_DATA BLOCK_.
=-=-=-=-=
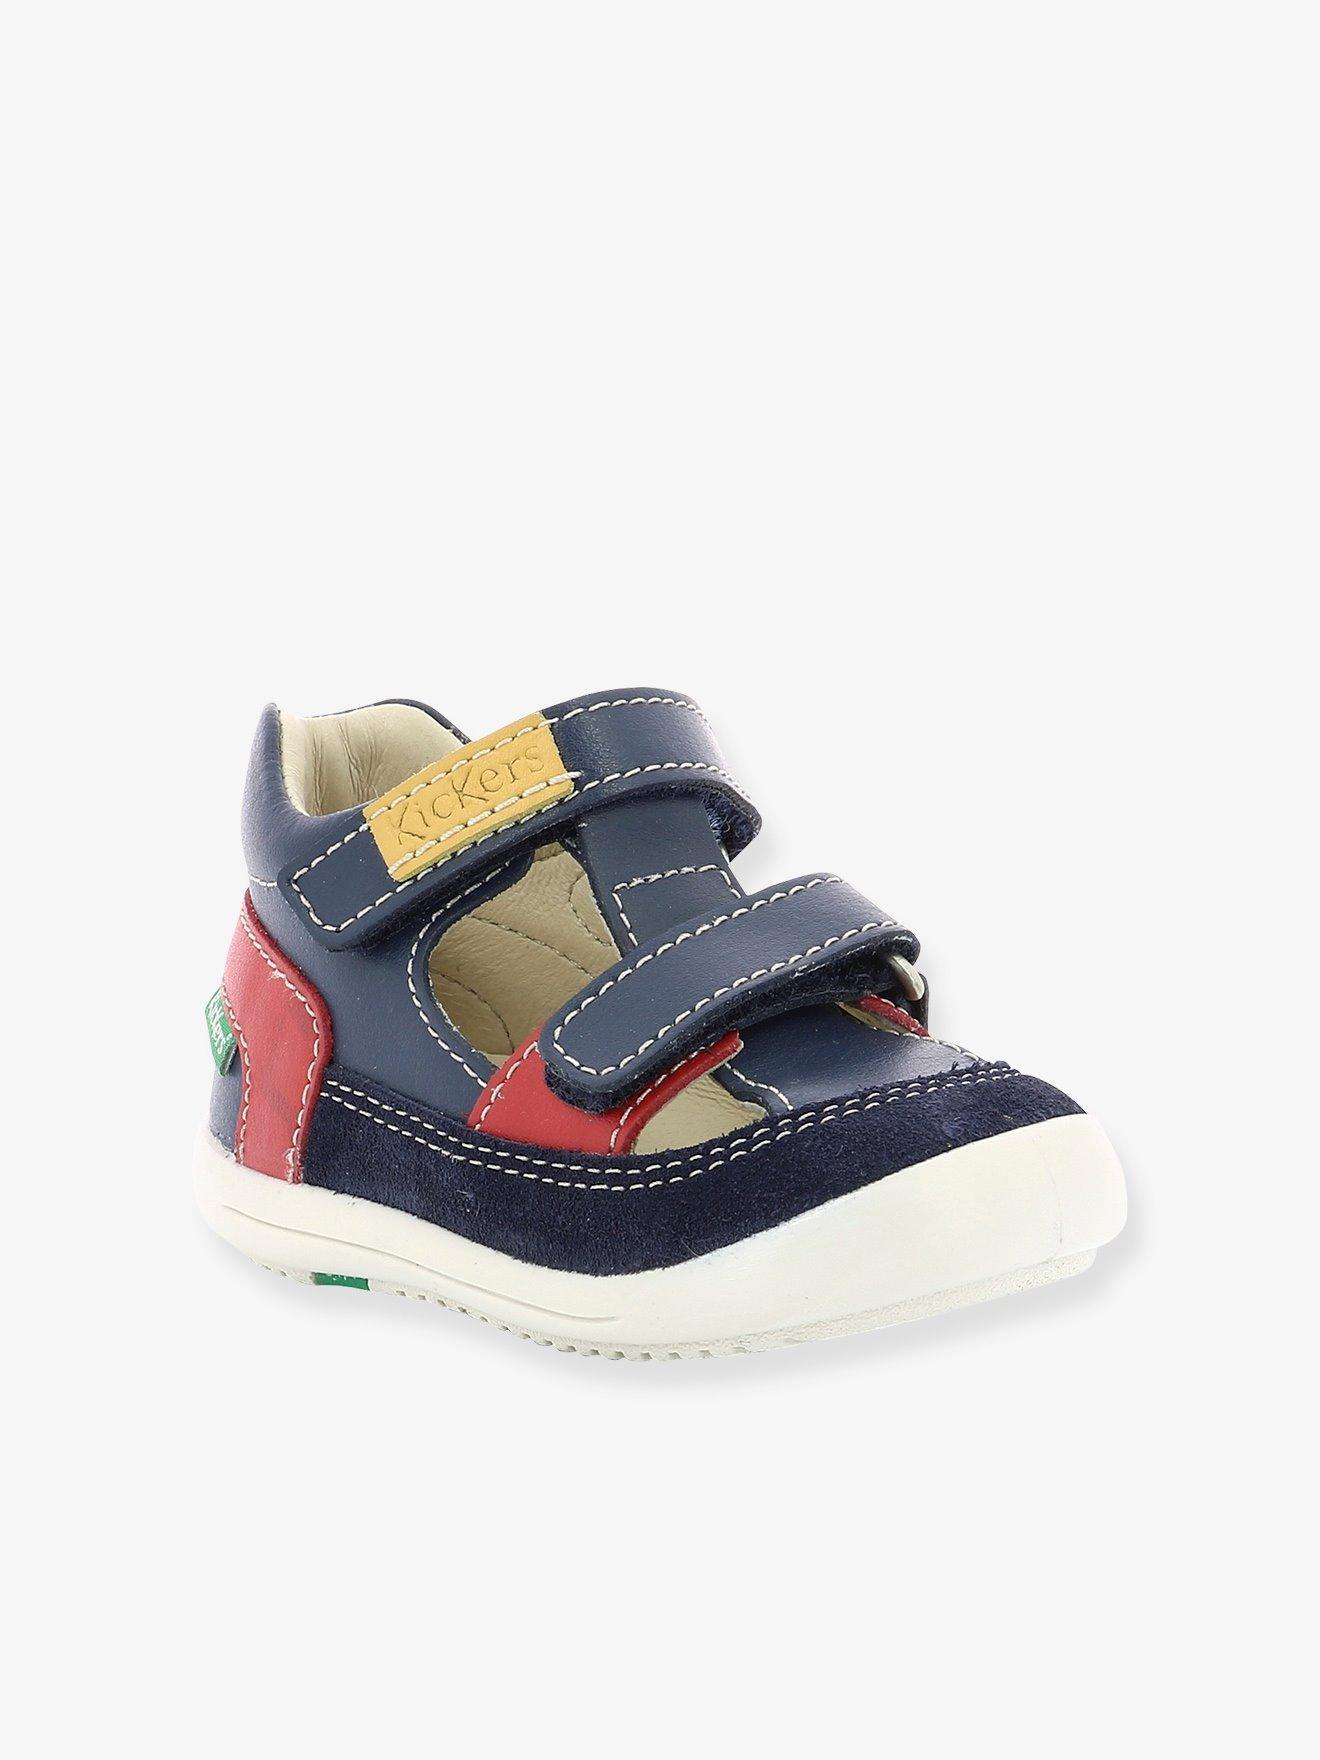 55c625cc9 Botines piel bebé kimono ® azul oscuro liso. Kickers
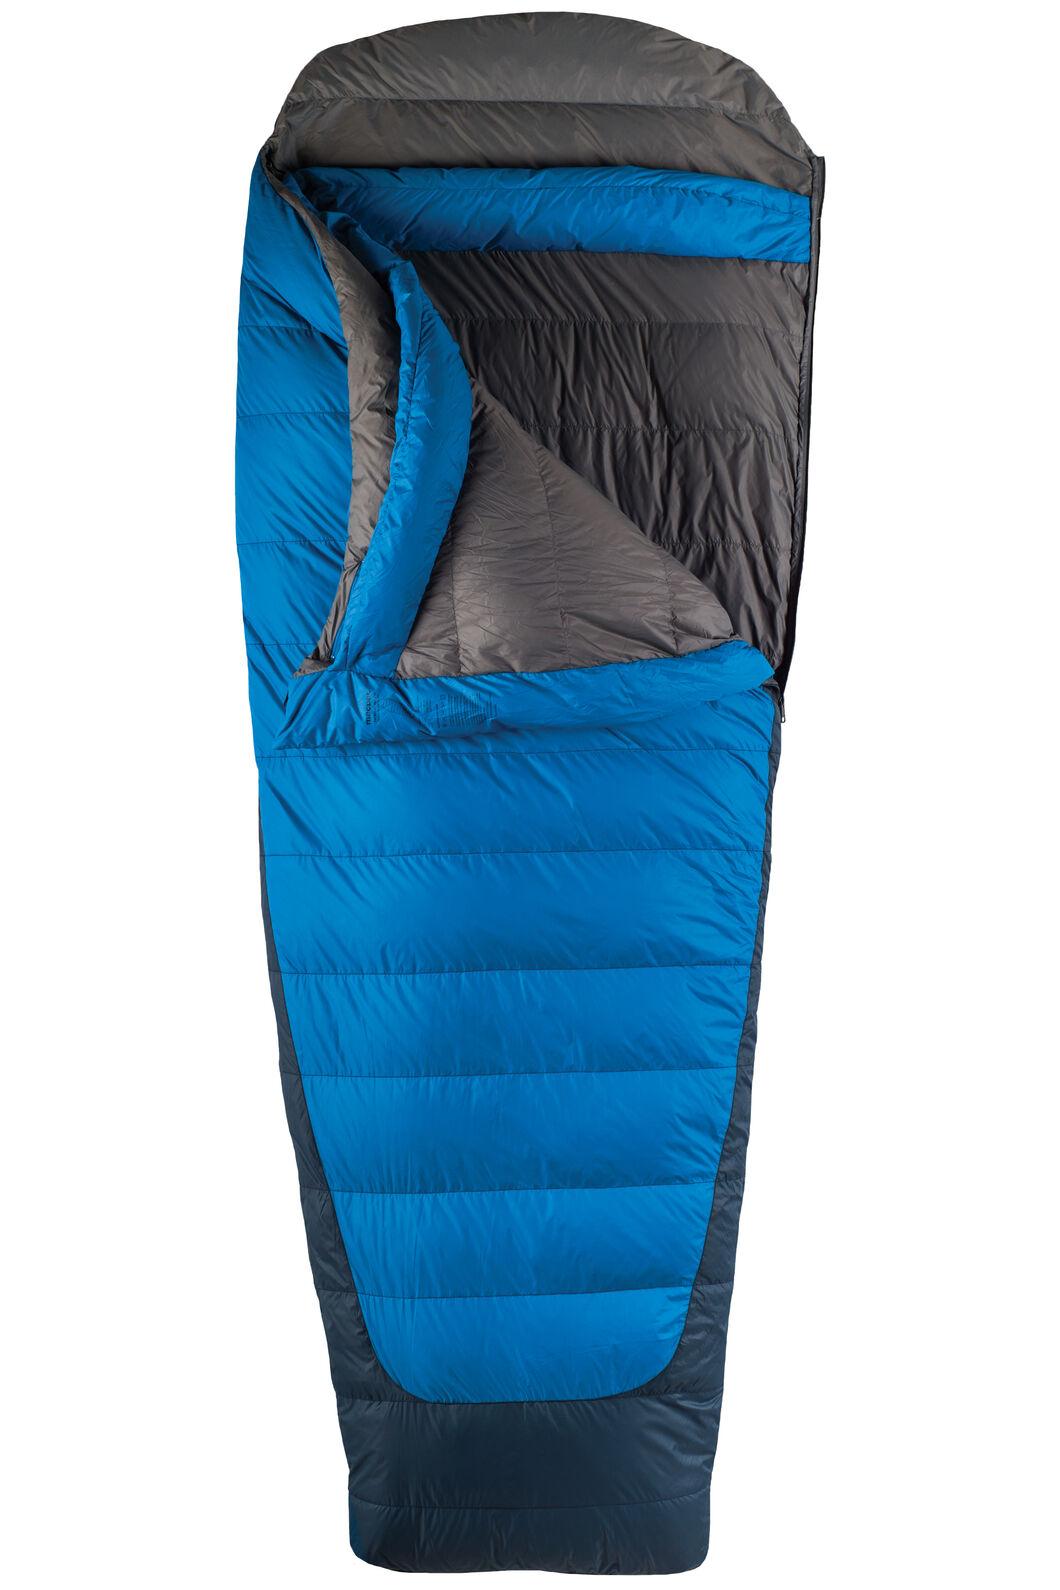 Macpac Escapade Down 500 Sleeping Bag - Women's, Classic Blue, hi-res
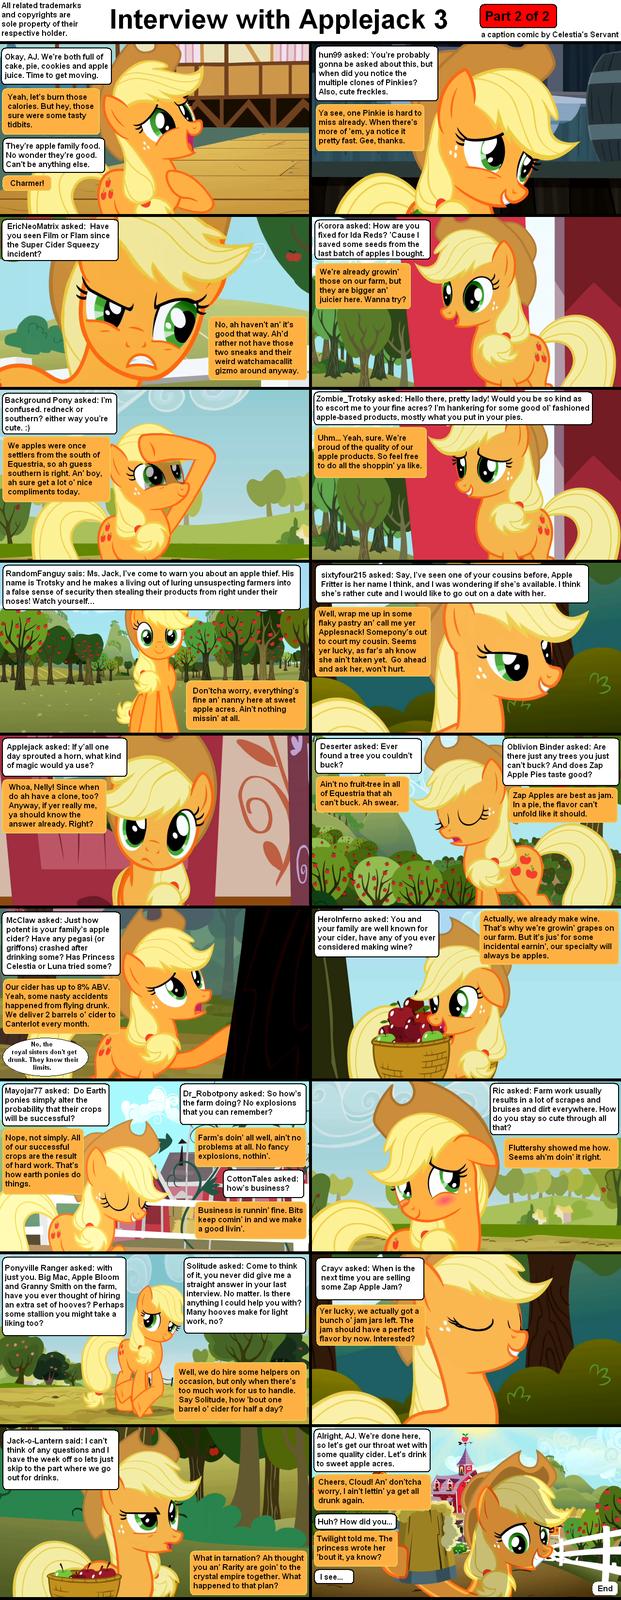 Interview with Applejack 3
=-=-=-=-=
_TASK DESCRIPTION_. Copy each line of the listing exactly, skipping any picture.

_WRITTEN ANSWER_.
 55c625cc9 Botines piel bebé kimono ® azul oscuro liso. Kickers
 Macpac Escapade Down 500 Sleeping Bag - Women's, Classic Blue, hi-res
 Interview with Applejack 3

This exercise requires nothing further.